Doob’s submartingale inequality allows us to do this. Recall that a submartingale has almost-surely non-negative conditional increments. You might think of it heuristically as ‘more increasing than a martingale’. If Z_n is a martingale, then |Z_n| is a submartingale. This will be useful almost immediately.

The statement is that for (Z_n) a non-negative submartingale,

\mathbb{P}\left( \sup_{k\le n} Z_k \ge \lambda\right) \le \frac{\mathbb{E}\left[Z_n\right]}{\lambda}.

The similarity of the statement to the statement of Markov’s inequality is no accident. Indeed the proof is very similar. We consider whether the event in question happens, and find lower bounds on the expectation of Z_n under both possibilities.

Formally, for ease of notation, let Z_n^* be the running maximum \sup_{k\le n}Z_k. Then, we let T:= n\wedge \inf\{k\le n, M_j\ge \lambda\} and apply the optional stopping theorem for submartingales at T, which is by construction at most n. That is

\mathbb{E}[Z_n]\ge \mathbb{E}[Z_T]=\mathbb{E}\left[Z_T\mathbf{1}_{Z_n^*<\lambda}\right] + \mathbb{E}\left[Z_T \mathbf{1}_{Z_n^*\ge \lambda}\right].

The first of these summands is positive, and the second is at least \lambda \mathbb{P}\left( Z_N^* \ge \lambda \right), from which the result follows.

We’ve already said that for any martingale Z_n, |Z_n| is a submartingale, but in fact f(Z_n) is a submartingale whenever f is convex, and \mathbb{E}|f(Z_n)|<\infty for each n. Naturally, this continues to hold when Z_n is itself a submartingale.

[Note that Z_n^* is also a submartingale, but this probably isn’t as interesting.]

A particularly relevant such function f is f(x)=x^p, for p>1. If we take Z_n a non-negative submartingale which is uniformly bounded in L^p, then by applying Holder’s inequality and this submartingale inequality, we obtain

\mathbb{E}\left( \sup_{k\le n}Z_n^p \right) \le \left(\frac{p}{p-1}\right)^p \mathbb{E}\left[ Z_n^p \right].

Since Z_n^p is a submartingale, then a limit in n on the RHS is monotone, and certainly a limit in n on the LHS is monotone, so we can extend to

mathbb{E}\left( \sup_{k\le n}Z_\infty^p \right) \le \left(\frac{p}{1-p}\right)^p \mathbb{E}\left[ Z_\infty^p \right].

Initially, we have to define \mathbb{E}\left[ Z_\infty^p \right] through this limit, but in fact this result, Doob’s L^p inequality, shows that Z_\infty:= \lim Z_n exists almost surely as well.

Naturally, we will often apply this in the case p=2, and in the third of these three sections, we will see why it might be particularly straightforward to calculate \mathbb{E}\left[Z_\infty^2\right].

Remark: as in the case of Markov’s inequality, it’s hard to say much if the submartingale is not taken to be non-negative. Indeed, this effect can be seen even if the process is only defined for a single time step, for which the statement really is then Markov’s inequality.

Doob-Meyer decomposition

Unfortunately, most processes are not martingales.
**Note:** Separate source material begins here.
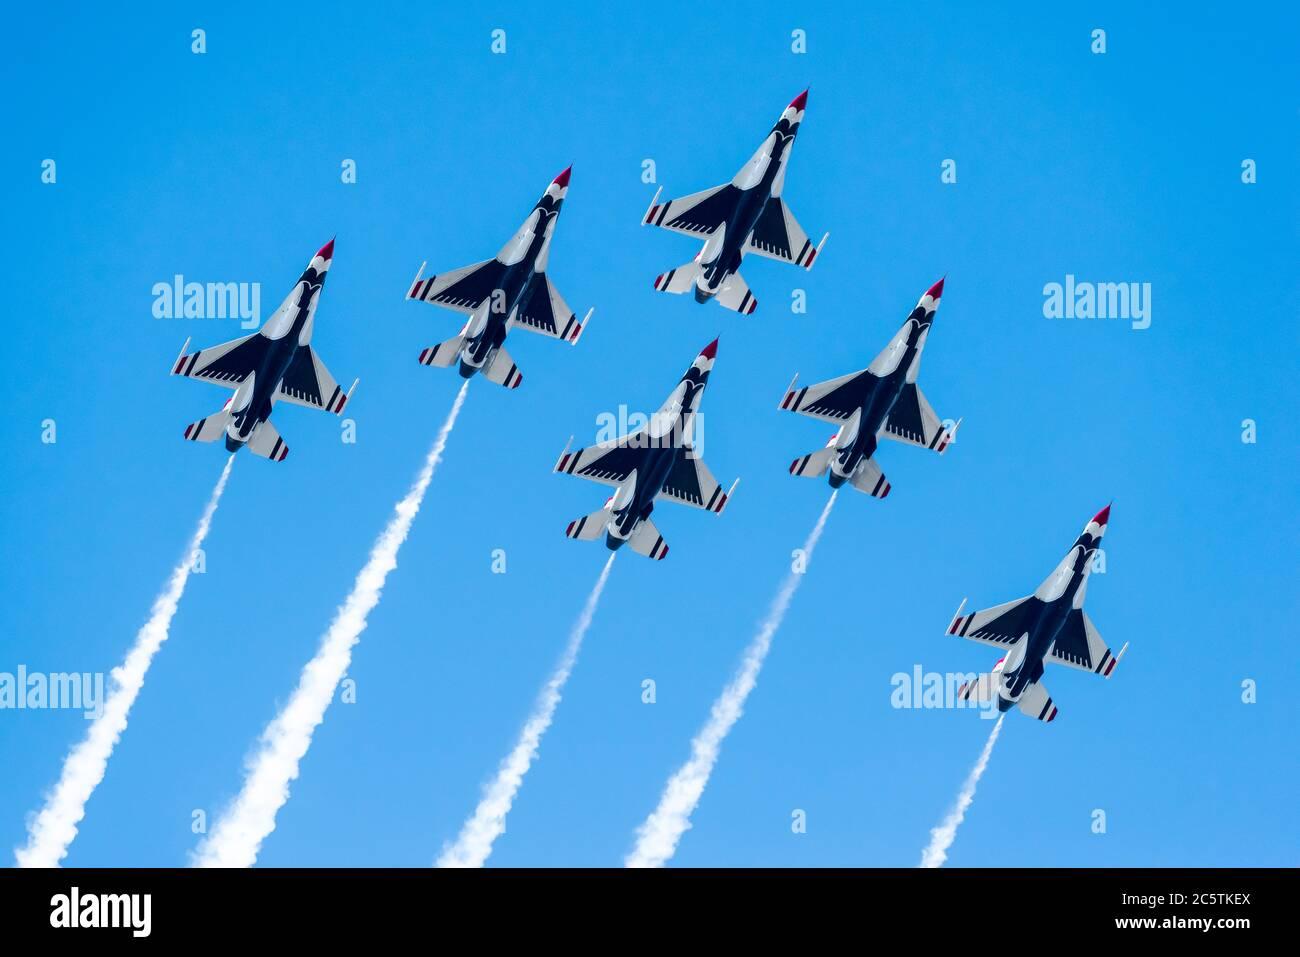 Boston, Massachusetts. 4 juillet 2020. USAF Thunderbirds volant à la DSD Salute à l'Amérique 2020 survol. Banque D'Images

Given an discrete-time process X_n adapted to \mathcal{F}=(\mathcal{F}_n), it is a martingale if the conditional expectations of the increments are all almost surely zero. But given a general adapted process X_n which is integrable (so the increments have well-defined finite expectation), we can iteratively construct a new process M_n, where the increments are centred versions of X_n‘s increments. That is,

M_{n+1}-M_n:= X_{n+1}-X_n - \mathbb{E}\left[ X_{n+1}-X_n \,\big|\, \mathcal{F}_n\right] = X_{n+1}-\mathbb{E}\left[X_{n+1} \,\big|\, \mathcal{F}_n\right]. (*)

Then it’s immediately clear from the definition that M_n is a martingale.

There’s a temptation to tie oneself up in knots with the dependence. We might have that increments of the original process X_n depend on the current value of the process. And is it necessarily clear that we can recover the current value of the original process from the current value of M_n? Well, this is why we demand that everything be adapted, rather than just Markov. It’s not the case that M_n should be Markov, but it clearly is adapted.

Now we look at the middle expression in (*), and in particular the term we are subtracting, namely the conditional expectation. If we define, in the standard terminology, A_0=0 and

A_{n+1}-A_n:= \mathbb{E}\left[ X_{n+1}-X_n \,\big|\, \mathcal{F}_n\right],

then we have decomposed the original process X_n as the sum of a martingale M_n, and this new process A_n. In particular, note that the increment A_{n+1}-A_n given above is adapted to \mathcal{F}_n, which is a stronger condition than being adapted to \mathcal{F}_{n+1} as we would expect a priori. This property of the process (A_n) is called predictability (or possibly previsibility).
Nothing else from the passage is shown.